The report found that stakeholders' responses and the EC's assessments did not point to an urgent need to make substantive changes to the relevant commodity derivatives framework. However, targeted amendments could be considered in the future. The findings from the report include:- Data-sharing and reporting—the EC acknowledges that the current reporting framework for commodity derivatives is complex. Under a gradual approach, short-term measures to facilitate data-sharing between authorities and improve the interoperability of data sets could be explored. This could include the institutionalisation of data exchanges between financial and energy regulators, with systematic access granted to respective supervisory data, eliminating the need for ad hoc access requests. The EC could also explore the adoption of unique identifier formats for transactions reported under both financial and energy frameworks.

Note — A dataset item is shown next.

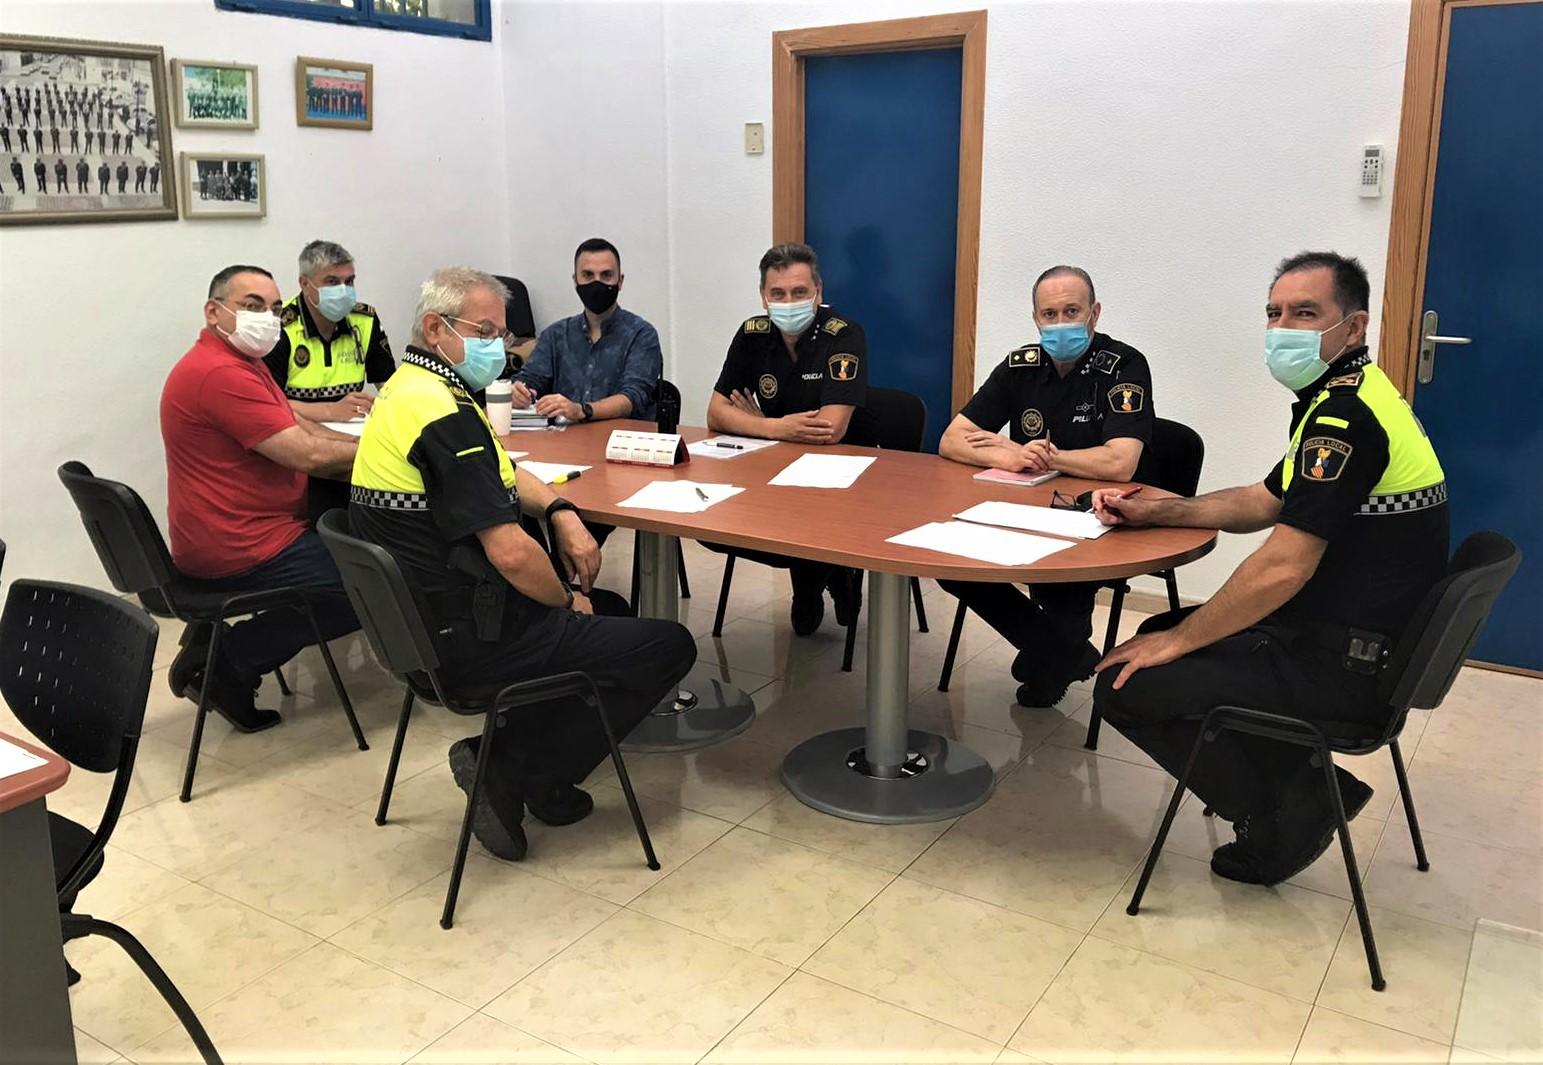 Elda y Petrer constituyen la Comisión de Tráfico, Circulación y Seguridad Vial para coordinar las actuaciones en regulación de la movilidad que afecten a ambos municipios

- Ancillary activity exemption—the EC confirms that the ancillary activity exemption is functioning adequately and that altering its scope and operation may have significant and far-reaching consequences. If a review of the ancillary activity exemption is contemplated at a later stage, the EC suggests that a tailored prudential regime commensurate with the risk profile of firms operating in commodity derivatives markets would be more appropriate.
- Position limits regime—the EC highlights that the current position limits regime functions adequately. The EC sees potential for further exploring: (i) the conditions under which trading venues could be tasked with greater, yet well-framed, responsibilities in granting hedging and liquidity provision exemptions, as well as possibly ad hoc exemptions. This could make the measure more agile and more responsive to market trends; (ii) in order to support trading venues in fulfilling their position management mandate and to ensure fair and orderly markets, the conditions under which trading venues could be entrusted with extended position management control powers to request, on an ad-hoc basis and in certain circumstances, information on the positions held by their market participants in a broader set of over-the-counter (OTC) contracts related to the commodity derivatives they offer for trading, and related assets and liabilities in the underlying commodity; (iii) whether the reporting of economically equivalent OTC positions could be extended to all market participants; and (iv) to what extent a possible additional requirement on third-country market participants to submit information on end beneficiaries could be appropriate to close the gap in the current position reporting.